I mean, it's funny if you have a certain level of understanding about this NFL thing.
If you don't, it might not be funny.
And I don't have time to tell you why it's funny if you don't know.
So this is for those of you who do.
It's Ray Lewis on ESPN's Sunday NFL countdown yesterday talking about the Ray Rice situation with Baltimore Ravens and the NFL.
We're here for one reason and one reason only.
We're here for domestic violence.
We're here because we saw a friend of mine brutally hit his wife in the face in an elevator.
There's some things you can cover up, and then there's some things you can't.
Right now is a sad day for me because the reputation that I left in this organization, this isn't it.
This isn't it.
What was built there many years took hard work to get that.
It took a hell of a reputation to put on the line.
Ray Rice put a lot of people at jeopardy with his actions.
A lot of people at jeopardy.
Not just himself.
Okay.
Says Ray Lewis.
He says, we're here meeting the crew on ESPN talking about this.
We're here for domestic violence.
No, you're there for an NFL pregame show.

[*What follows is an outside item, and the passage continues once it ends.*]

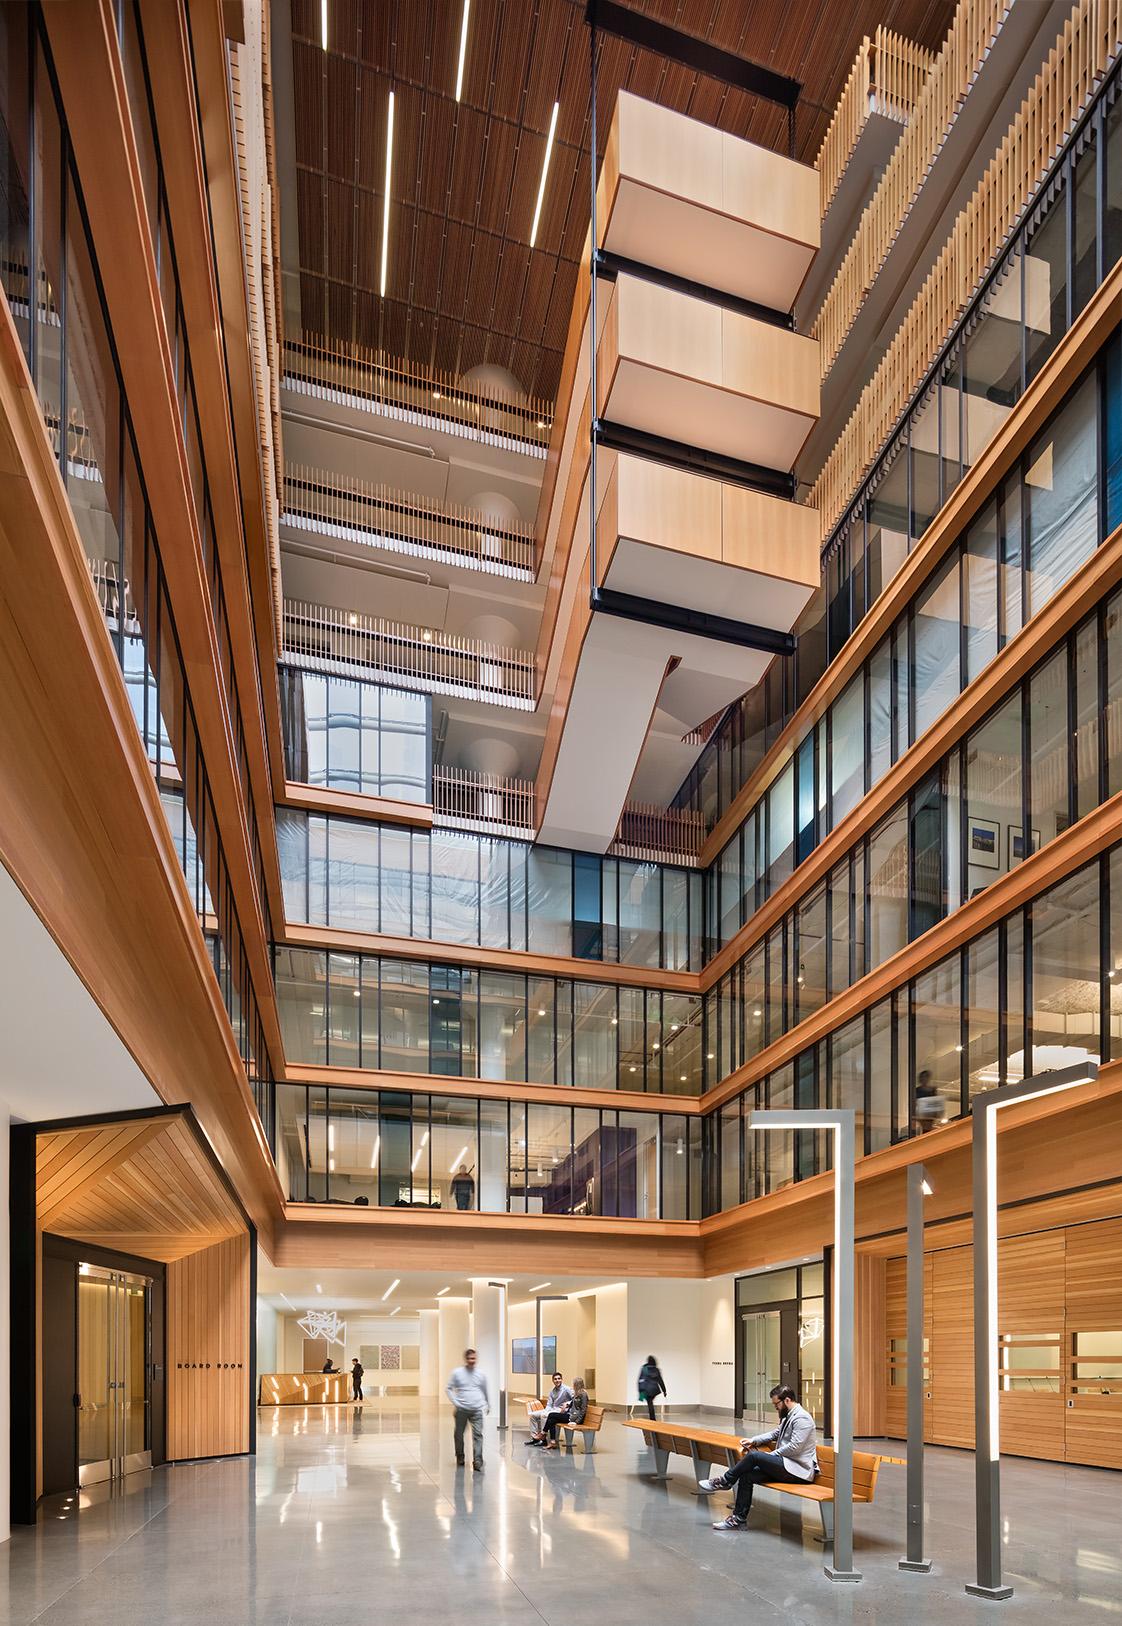 Bay Area Metro Center Seven-Story Atrium with Repurposed Wood Paneling

You have to be talking about domestic violence today.
But then he says he did so much to build up his reputation and the Ravens' reputation.
And it's a sad day because he left that organization with the greatest reputation.
And this Ray Reisning, that isn't it.
And what was built there many years took hard work, hell of a reputation to put on the line.
And so Ray Rice has destroyed everybody's reputation.
Nep.
Nay, don't bring it up.
Well, they did on the first day.
They did on the first day.
And he said, no, you can't compare it to night and day.
What Ray did, me did nothing.
No, no, you can't go there.
No, no.
It's not said, oh, no, no, no.
And that's the only time anybody brought it up.
Great to be with you today, my friends.
Have a great rest of the day and night, and we'll be back here tomorrow, revved and ready to go.